Once past the gate and through the streets, I walked more briskly,
paused at my shop door to fit the key in the lock, and was astonished
when the door fell open at the push of my hand.
Then in an instant I understood. The shop had been ransacked--by
that treacherous scoundrel Michu, of course. Bottles, herbs, shaving
apparatus all was topsy-turvy. Drawers stood half-open; the floor was
in a litter.
I had two consolations: the first that there were no incriminating
papers in the, house; the second that Michu had clearly paid me a
private visit before carrying his tale to headquarters. Otherwise the
door would have been sealed and the house under guard. I reflected
that the idiot would catch it hot for this unauthorised piece of work.
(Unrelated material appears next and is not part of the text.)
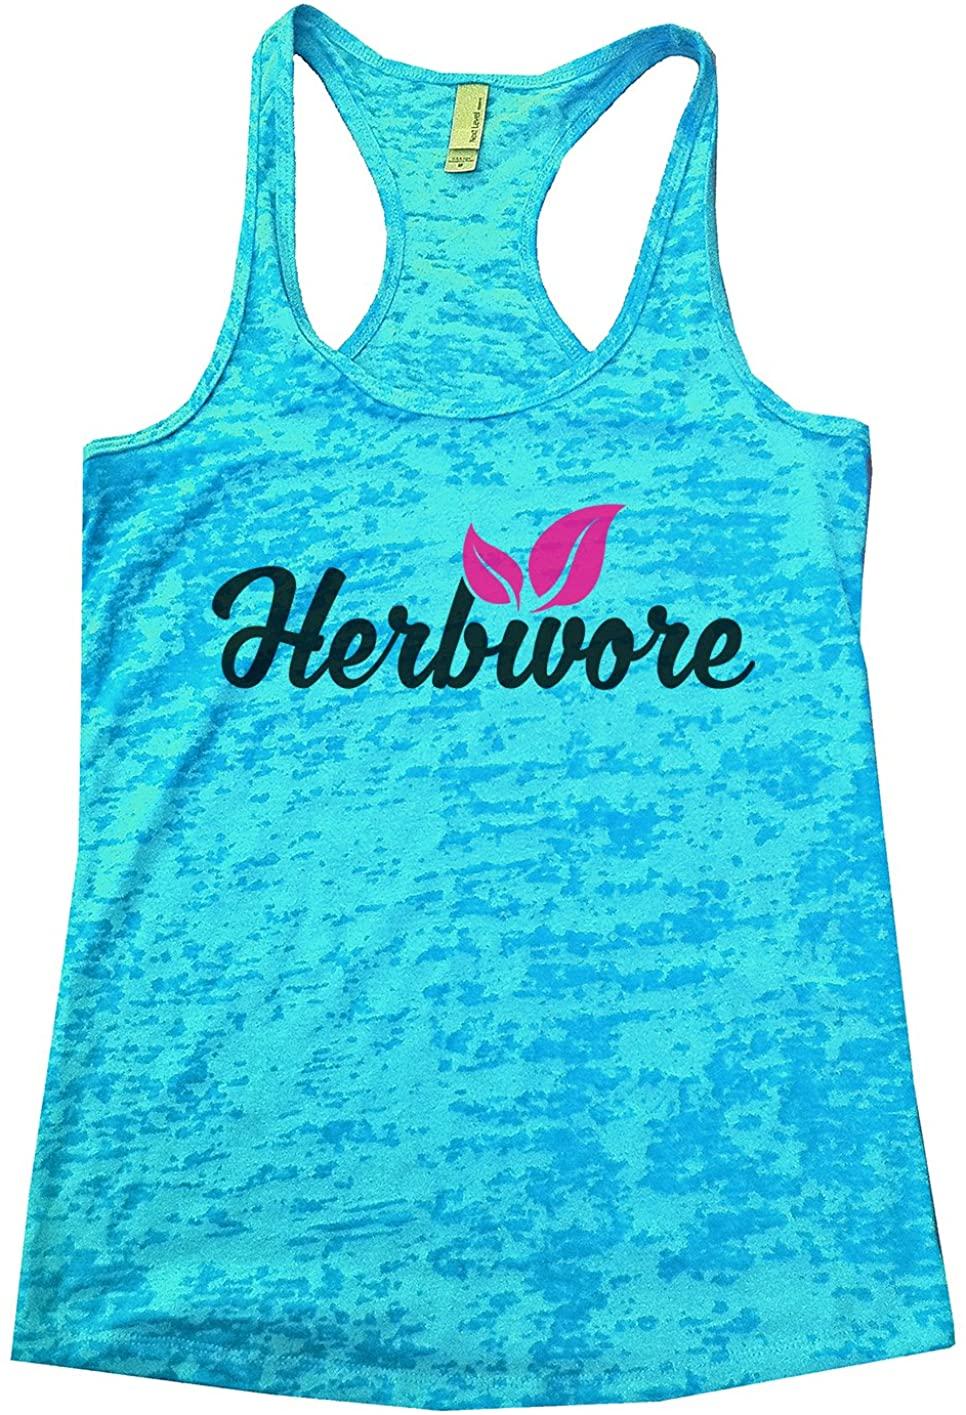 "Funny Threadz Womans Burnout Tank Top ""Herbivore"" Vegetarian Tank Top"

Stay! he might still be in the house rummaging the upper rooms. I
crept upstairs.
No, he was gone. He had left my case of instruments, too, after
breaking the lock and scattering them about the floor. I gathered them
together in haste, descended again, snatched up a roll of lint, and
pausing only at the door for a glance up and down the street, made my
escape post haste for the water meadow.
In the patio I found the two disputants standing much as I had left
them, the staff officer gently and methodically smoothing his horse's
crupper, the lieutenant with a watch in his hand.
"Good," said he, closing it with a snap, "seventeen minutes only. By
the way, do you happen to understand French?"
"A very little," said I.
"Because, as you alone are the witness of this our little difference,
it will be in order if I explain that I insulted this gentleman."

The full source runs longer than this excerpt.